Experimental and Stochastic Model Analysis of the Influence of SIC1, CLN2 and CLB5 Transcriptional Noise on the Timing Regulation of G1/S Transition in S. Cerevisiae Cell-Cycle

Abstract

Gene expression results in significant fluctuations in transcriptional and translational abundance among cells of a genetically identical population. Remarkably, strong regulatory mechanisms in Saccharomyces cerevisiae cell-cycle enable its progression despite these fluctuations.Our work combining modeling and experimental approaches investigates the influence of stochasticity in gene expression, especially in transcription, for timing regulation of the G1/S transition.
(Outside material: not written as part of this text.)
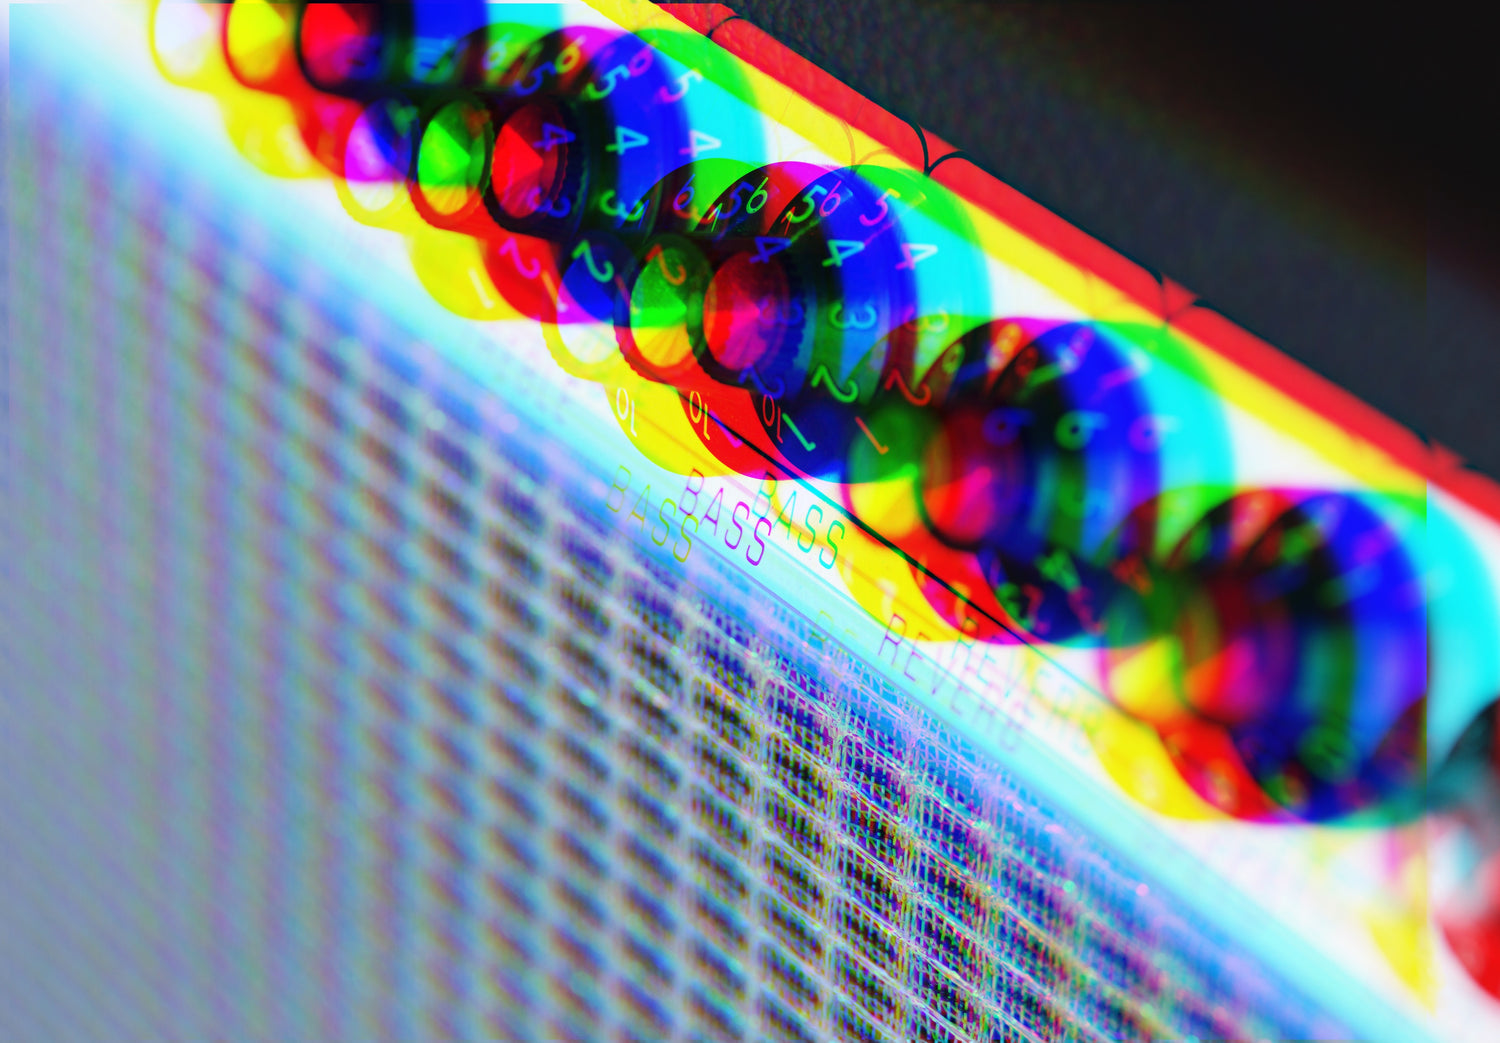 Close-up photograph of a guitar amplifier's bass and reverb knobs with heavy chromatic aberration giving it a colorful, abstract appearance.

We focus on Sic1, a cyclin-dependent kinase inhibitor, and its interacting partners, the cyclins Cln2 and Clb5. The interplay of these cell-cycle regulators is critical for precise timing of the G1-phase exit.We quantify SIC1 transcripts level and transcriptional noise in a cell population via fluorescence microscopy by taking advantage of two highly sensitive single molecule detection methods, the MS2-CP and the Fluorescence in situ Hybridisation (FISH) techniques. We used these data to explore a stochastic model for the G1/S transition timing regulation focusing on the fluctuations of SIC1 transcripts level.The experimental investigation revealed a distribution between 0 and 10 SIC1 mRNAs per cell and a significant increase of transcripts in the G1-phase. Our model predicts that by producing only a few SIC1 mRNAs, as observed in our experiments, the cell ensures low noise level of Sic1 protein and an exact timing of the S-phase entrance.We conclude that timing properties in yeast cell-cycle are highly influenced on the molecular level by discrete abundance of transcription products. Essentially, transcription regulation is involved in maintaining robustness in cell-cycle progression.To obtain a comprehensive understanding of transcription regulation at an interacting-proteins-network level, we are now measuring CLN2 and CLB5 transcript levels to investigate the correlation of their transcript levels as well as that of SIC1.